If we cultivate cynicism, and believe it to be the proper response to any corrupt communication channel, then all it takes is a very low threshold of deceit to activate that cynicism, and shut down ALL attention to that communication channel -- or, in some cases, ALL of them.

In this writer's case, the cynicism has kicked in preemptively. The author is so cynical, so wary of being deceived, that s/he believes nothing outside his or her preconceived ideas, a Leftist model of political power tailored to his/her understanding. It enforces a kind of "hipster narcissism" -- though it also exists on the Right, especially among the Black Helicopter Right. Either way, the smarter the cynic, the worse the affliction is.

We see it everyday in petty forms right here. If you have an opinion that conflicts with that of another, then you are often accused of being paid off.

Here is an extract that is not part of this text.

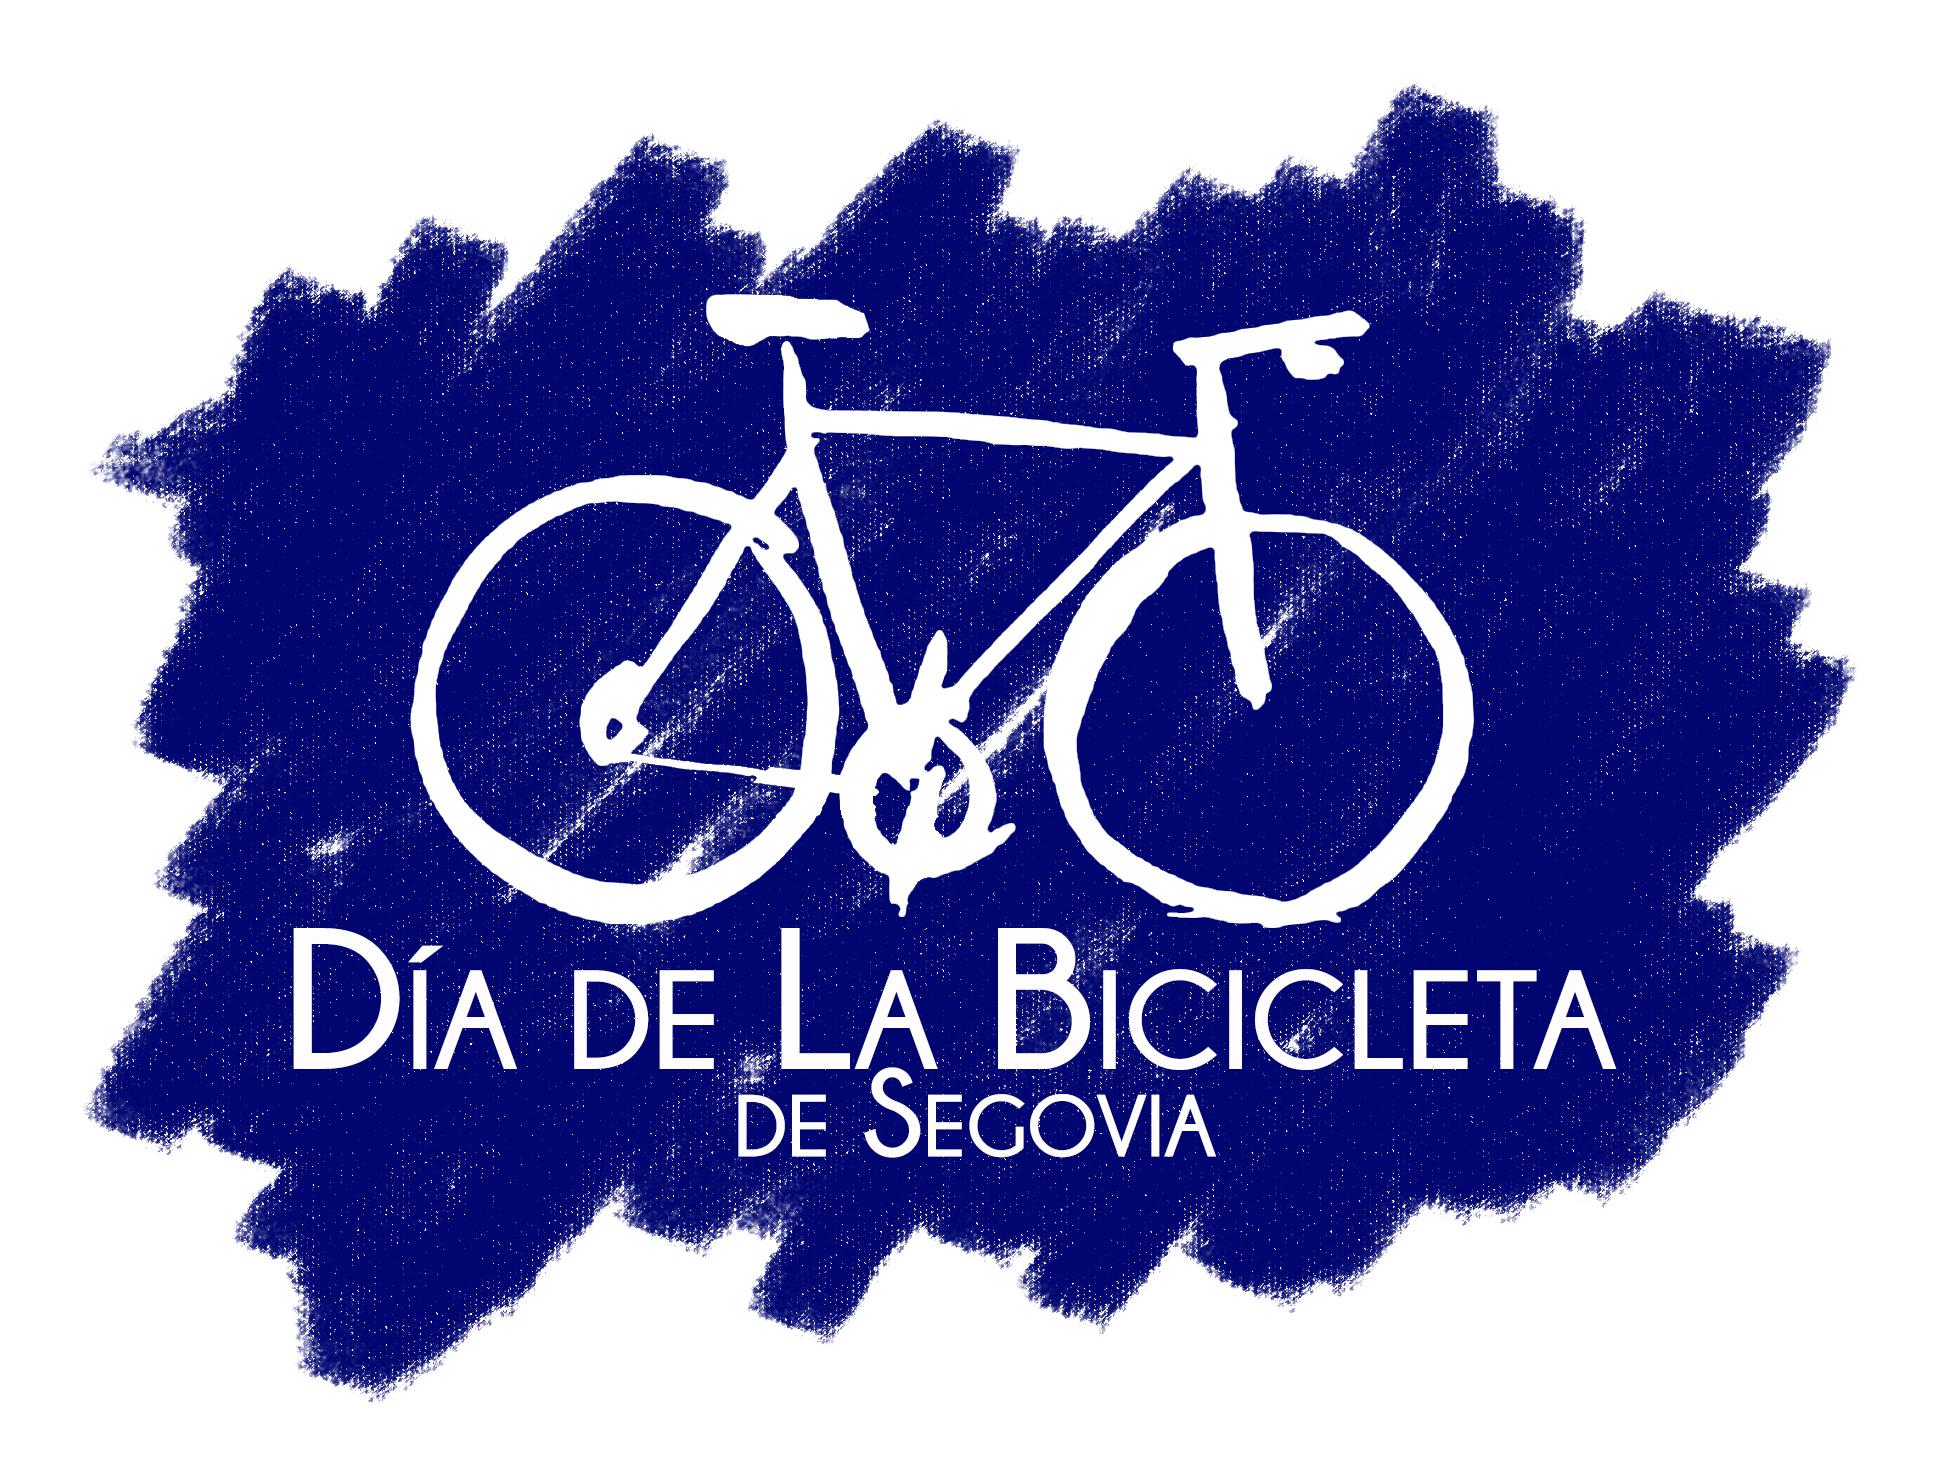 imagen gráfica día de la bicicleta

Just because money can be used to buy political opinion, the cynic thinks that ALL political opinions are now the product of bribery -- all except his/her own, that is.

There is also the persistent belief that the government and "the corporations" can, and do, control all communication channels, especially content. Well, they don't, although they can control specific content as they sense the need to. Orwell discussed this in 1984, about how the citizens of Oceania never knew whether they were under surveillance, so they just assumed that they always were. They became self-policing. Mission Accomplished.

This is a (politically) very destructive gambit. It literally turns our thought processes against us, and we continue in the illusion that we are capable of rational observation when we have shut down. Paranoia is a short step away. The Left has always been big on thinking and dramatizing; it is time to take some of Marx's advice and actually DO stuff, the mundane, unexciting work of life, reform, or revolution, as the situation warrants.

The people of the United States are not suffering nearly enough to make the kind of revolution that is necessary today in Iran. But if we ever do, we are going to need to become un-cynical very fast. Autonomous self-trust will be essential; our conceits of cleverness will bring the edifice of our cynicism crashing down on us long before the police arrive.

--d!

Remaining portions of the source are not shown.